== WHAT YOU WILL DO ==
Output the data below only from the line containing "Soft peanut butter" up to and including the line containing "valentins day crafts", exact and with the pictures left out.

== DATA SHOWN ==
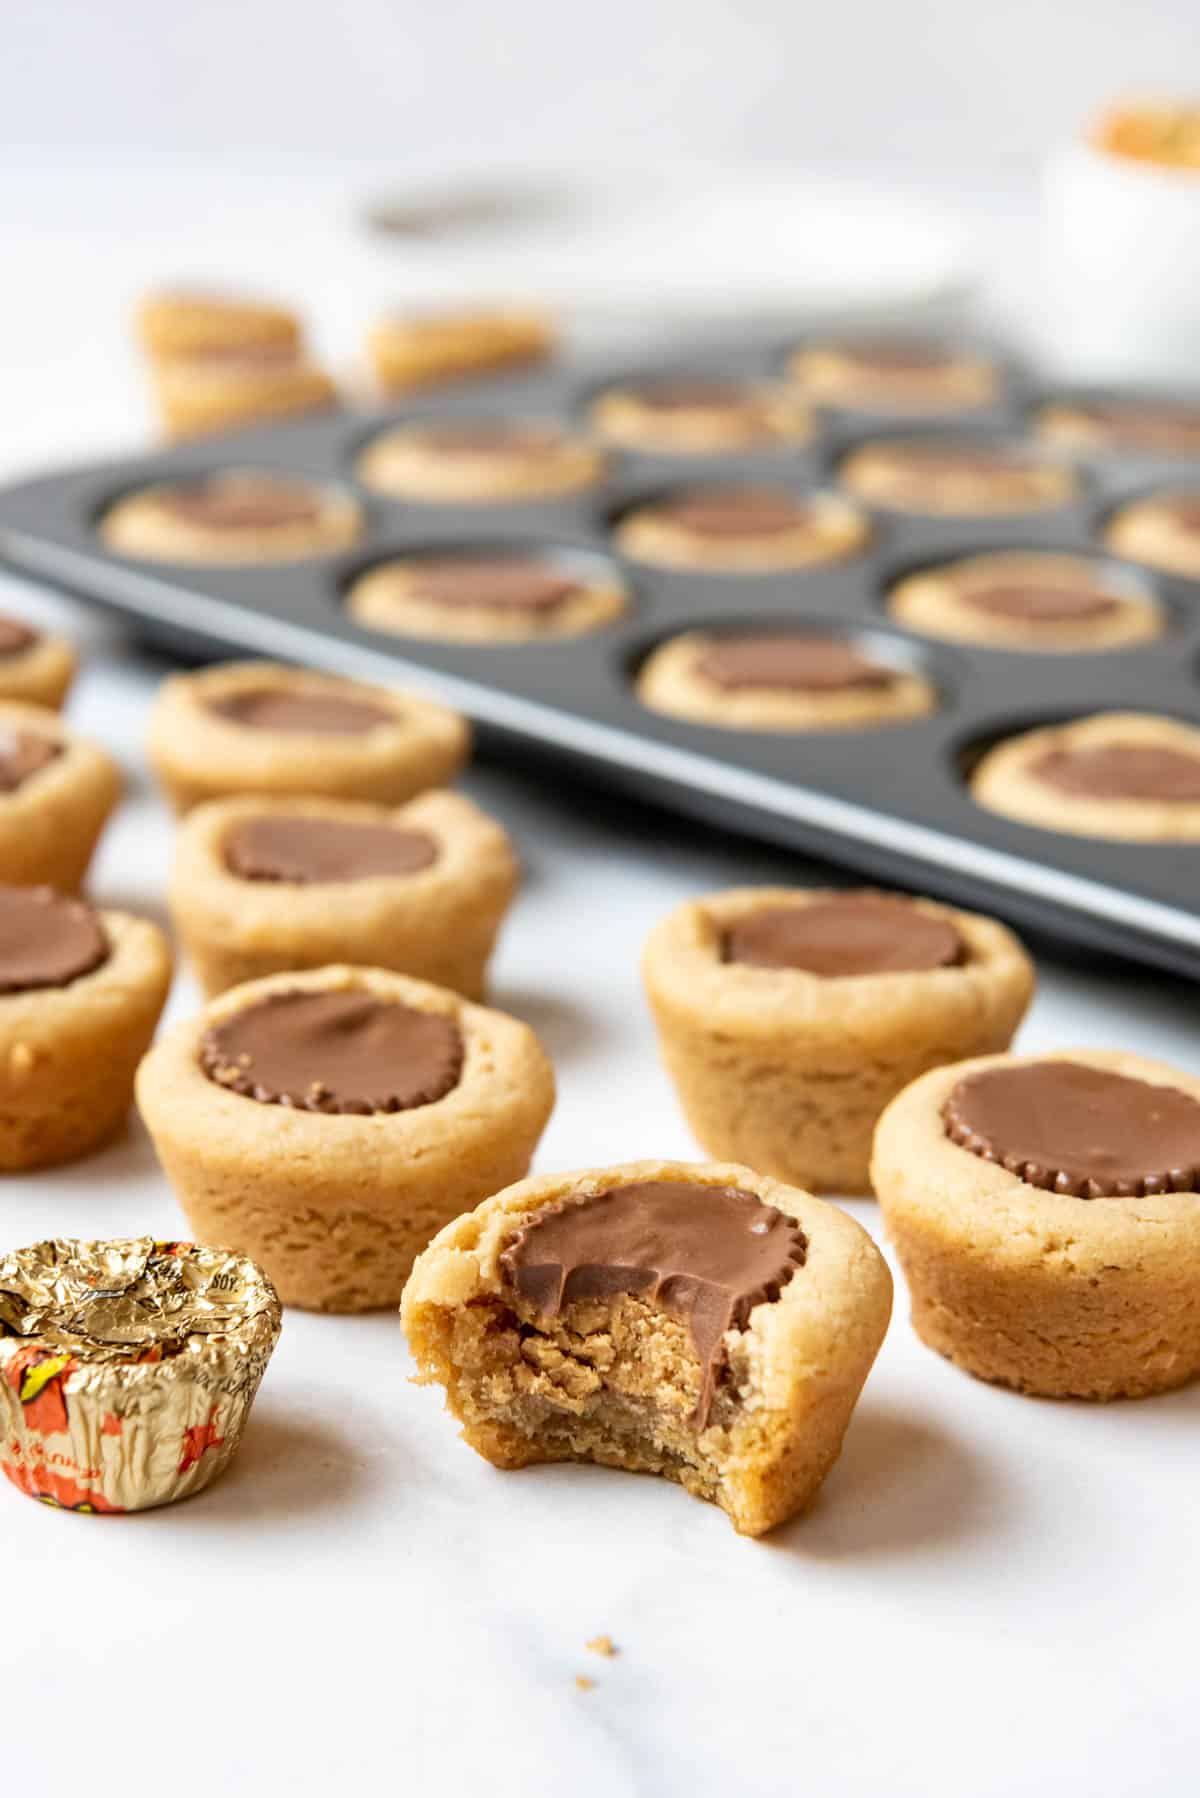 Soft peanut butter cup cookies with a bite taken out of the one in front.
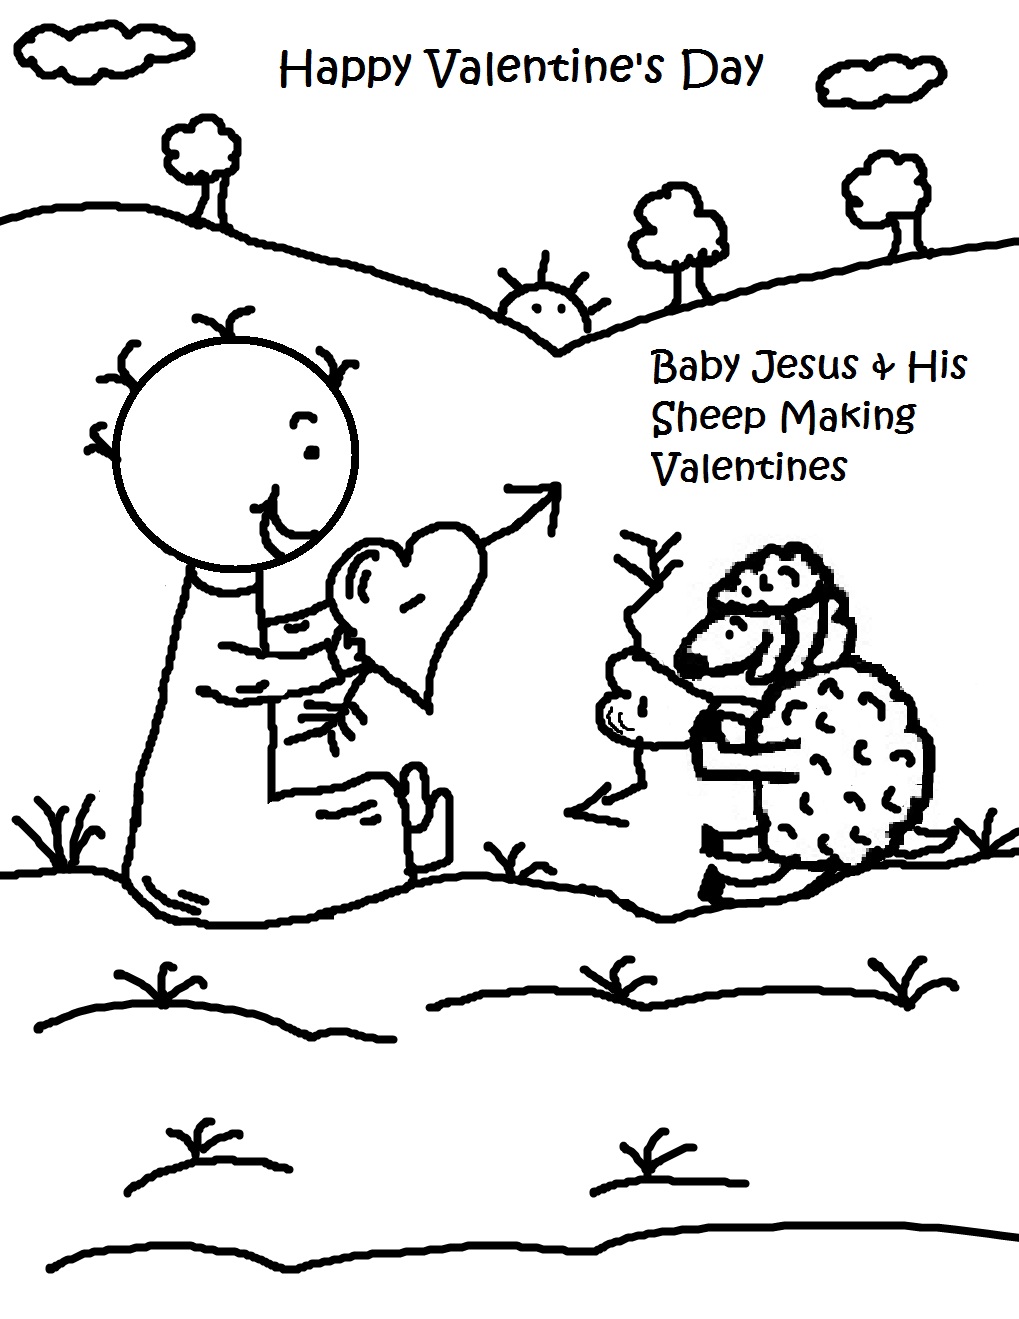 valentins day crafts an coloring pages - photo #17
---
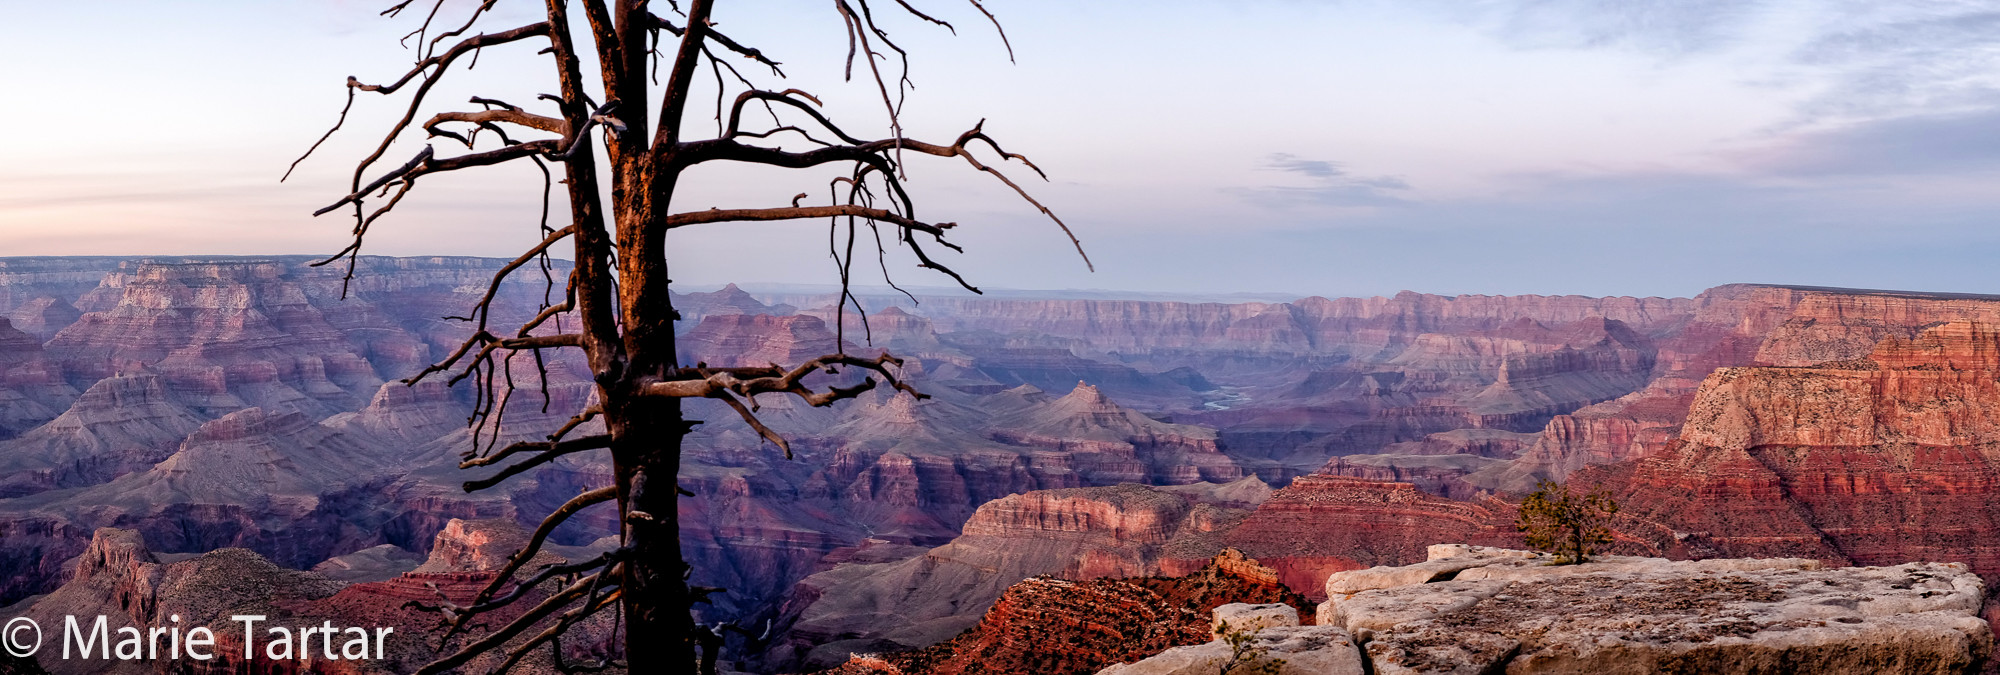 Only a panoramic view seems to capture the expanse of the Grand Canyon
==
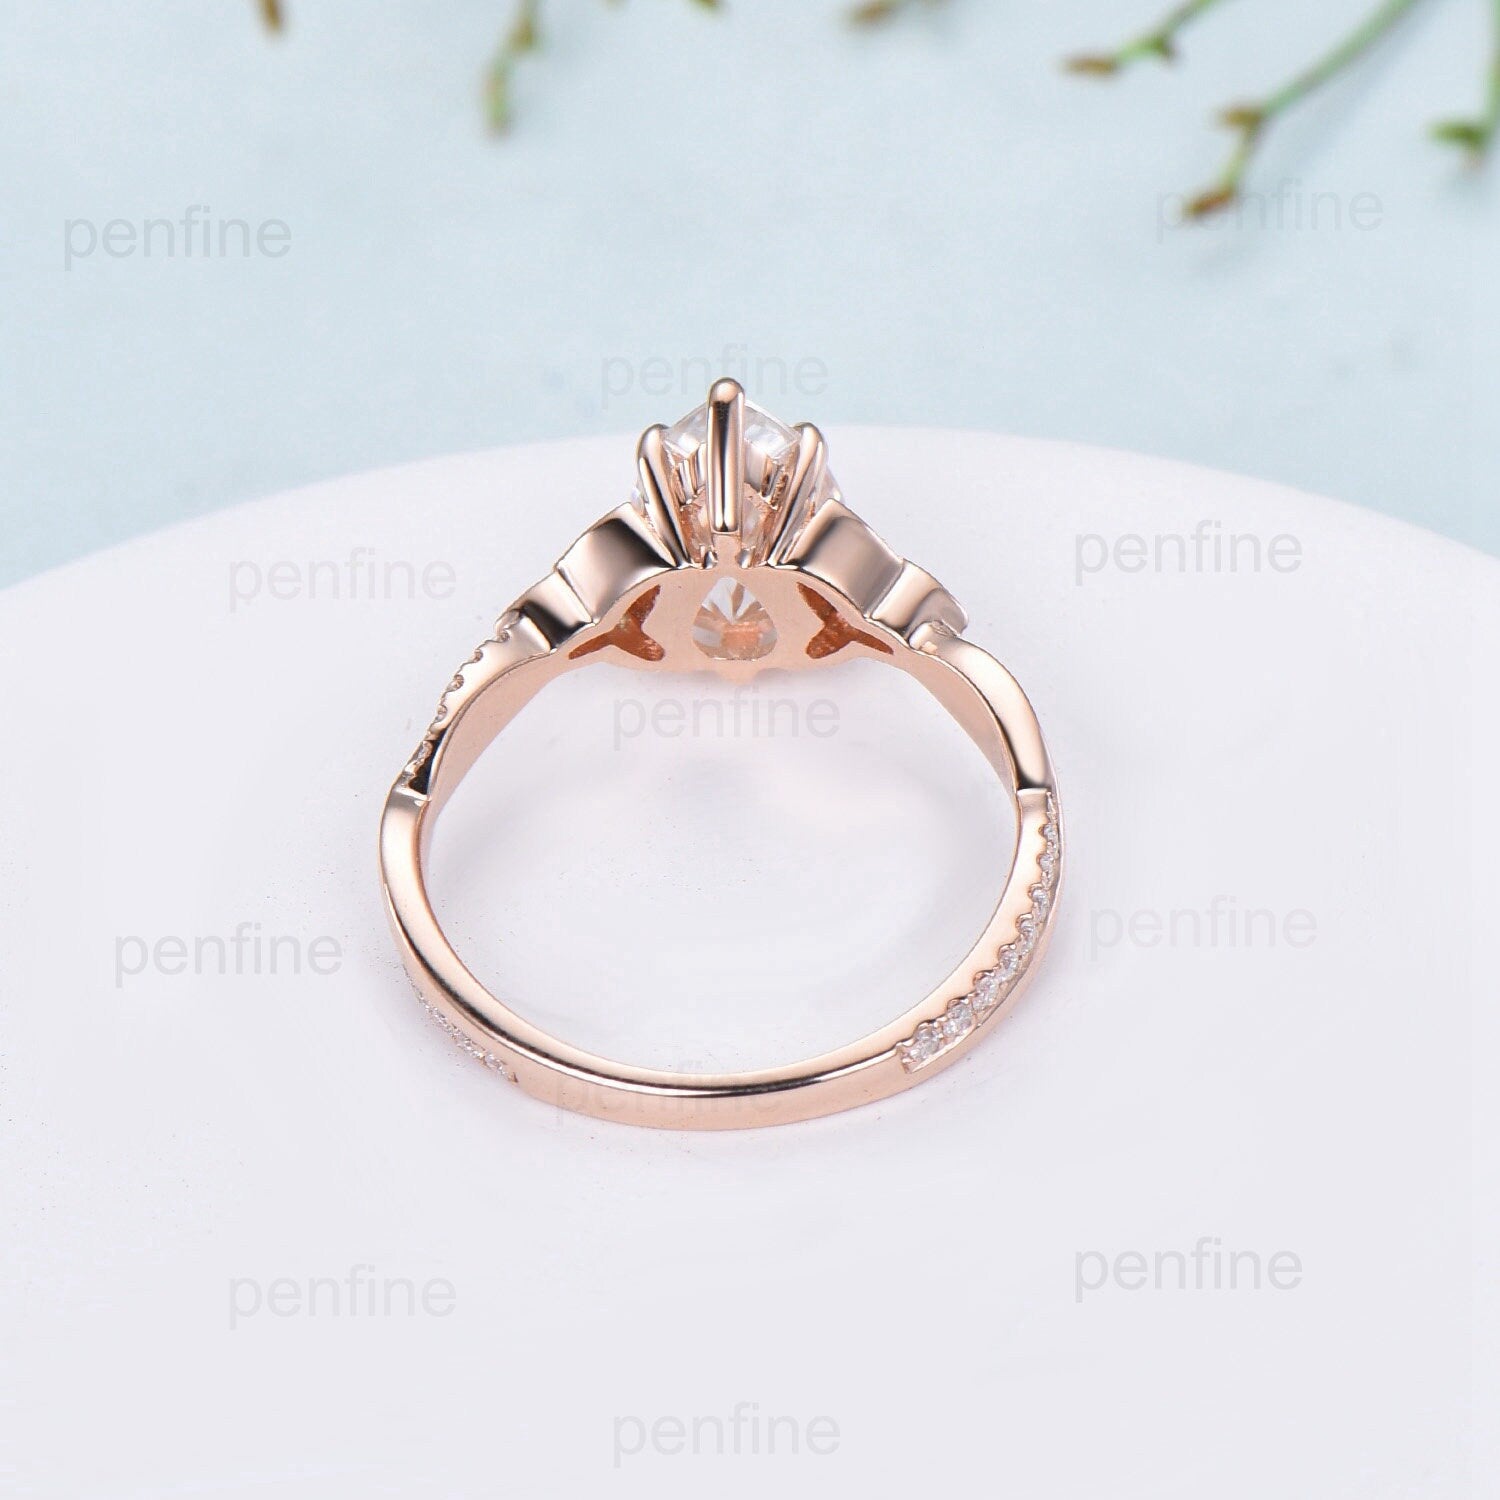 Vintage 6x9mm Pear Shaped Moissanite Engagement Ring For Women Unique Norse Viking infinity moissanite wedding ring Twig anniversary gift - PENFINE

== RESULT ==
 Soft peanut butter cup cookies with a bite taken out of the one in front.
 valentins day crafts an coloring pages - photo #17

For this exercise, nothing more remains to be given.